§ Given information:

_ _ _

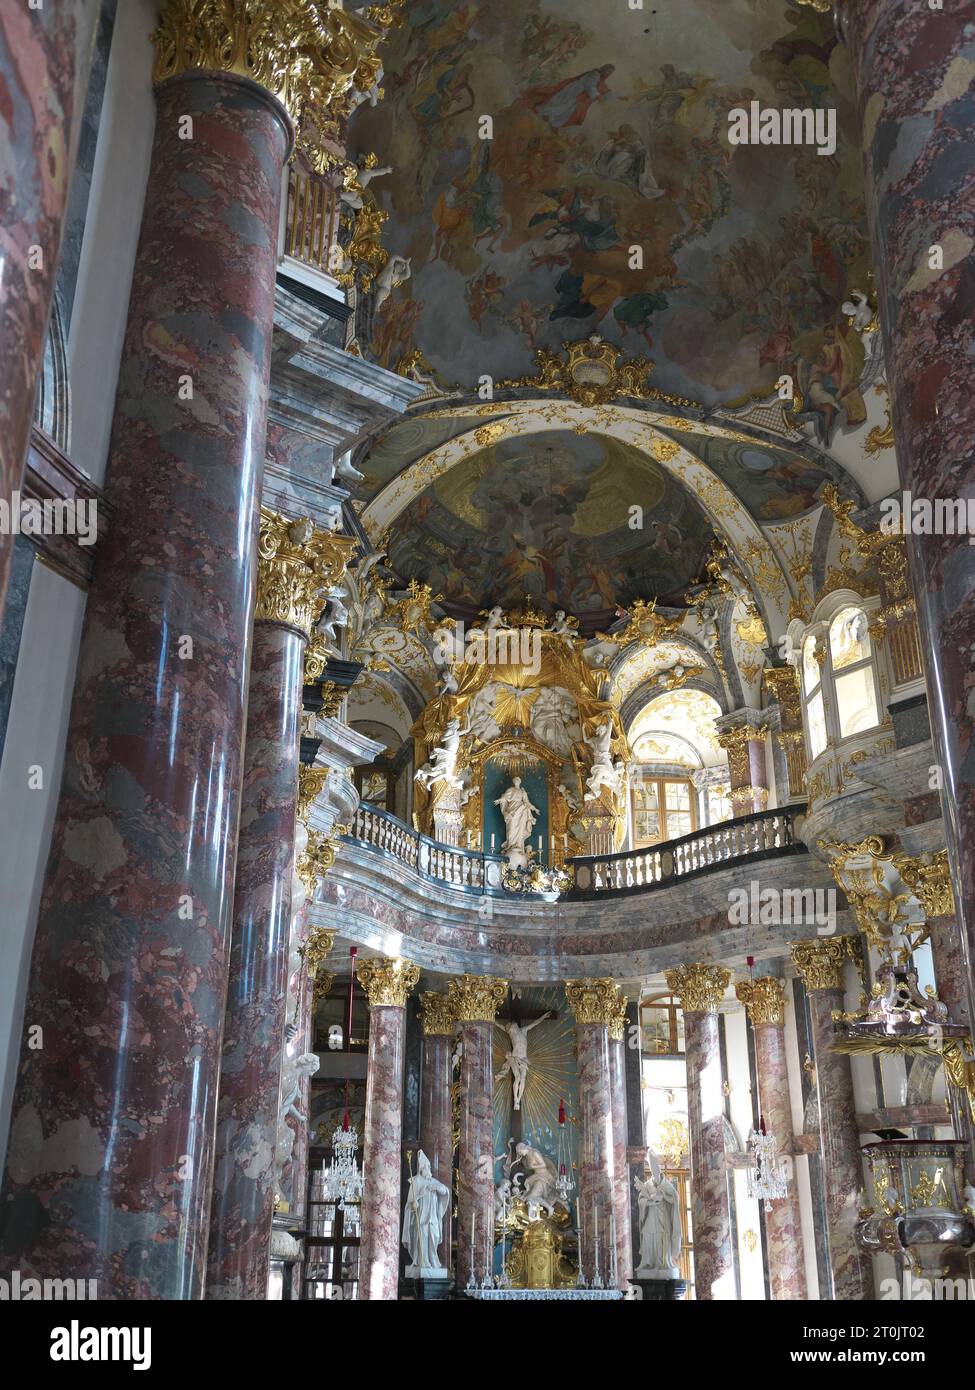 Interior view of the baroque court church of the Würzburg Residence, Germany Stock Photo
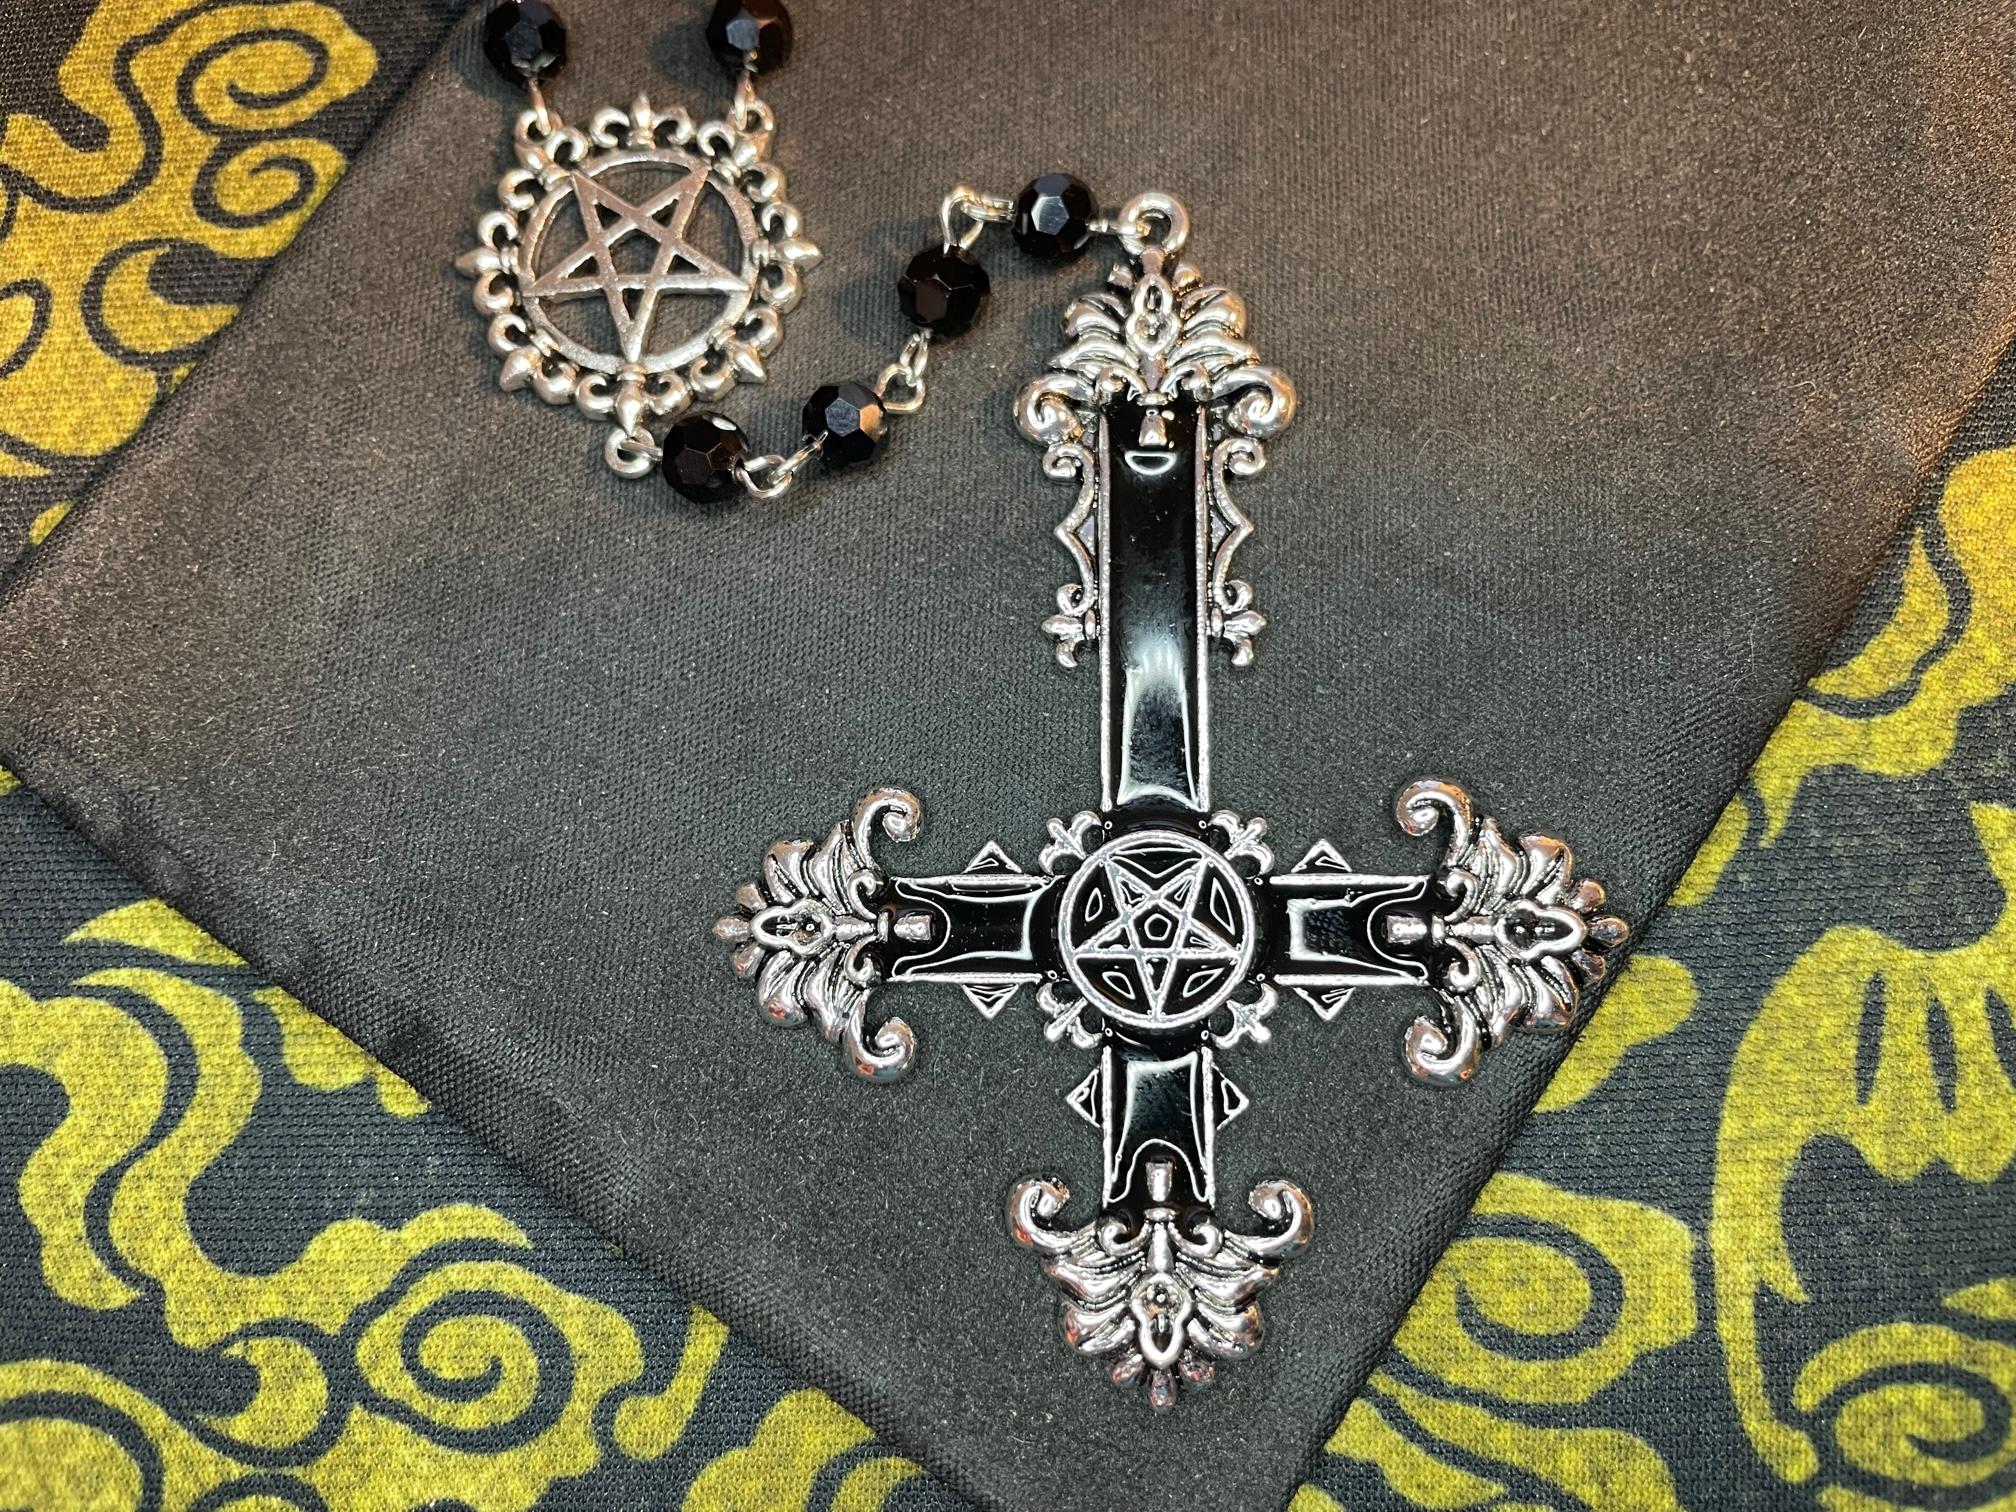 Satanic Rosary Inverted Pentagram Ornate Upside Down Cross 666 Pendant Witchcraft Black Magic Wiccan Occult Necklace Darkness Jewelry Silver Black
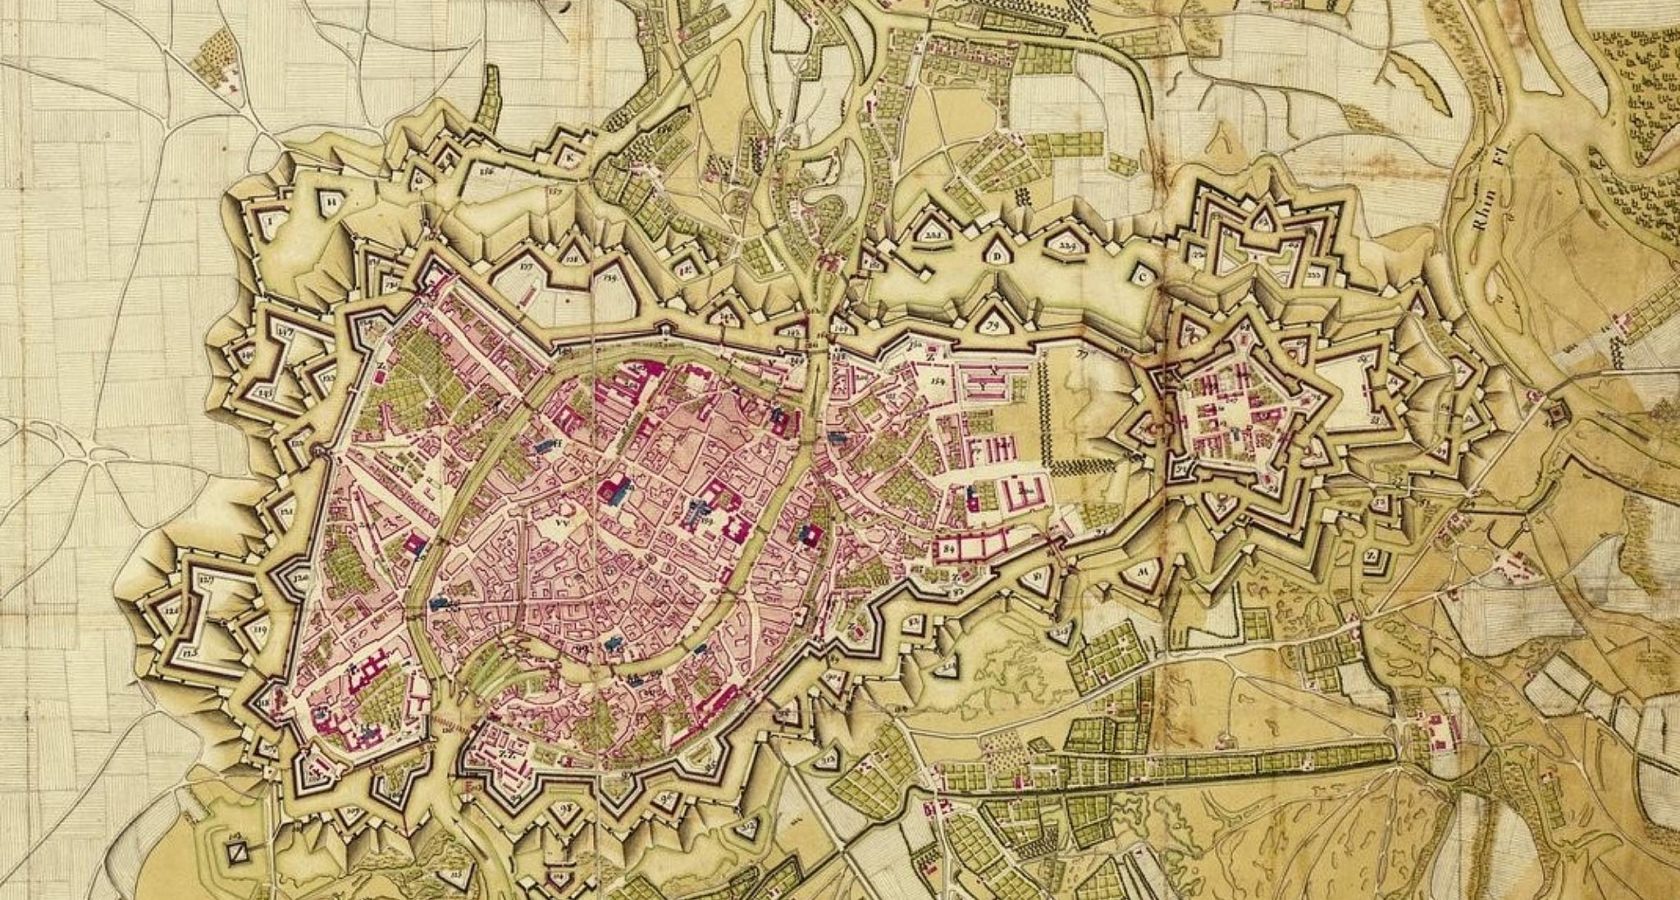 Map of Strasbourg showing Vauban fortifications in 1750. Credit: AVES

_ _ _

§ About this task:
Leaving out the pictures, reproduce the whole listing above exactly.

§ Answer:
 Interior view of the baroque court church of the Würzburg Residence, Germany Stock Photo
 Satanic Rosary Inverted Pentagram Ornate Upside Down Cross 666 Pendant Witchcraft Black Magic Wiccan Occult Necklace Darkness Jewelry Silver Black
 Map of Strasbourg showing Vauban fortifications in 1750. Credit: AVES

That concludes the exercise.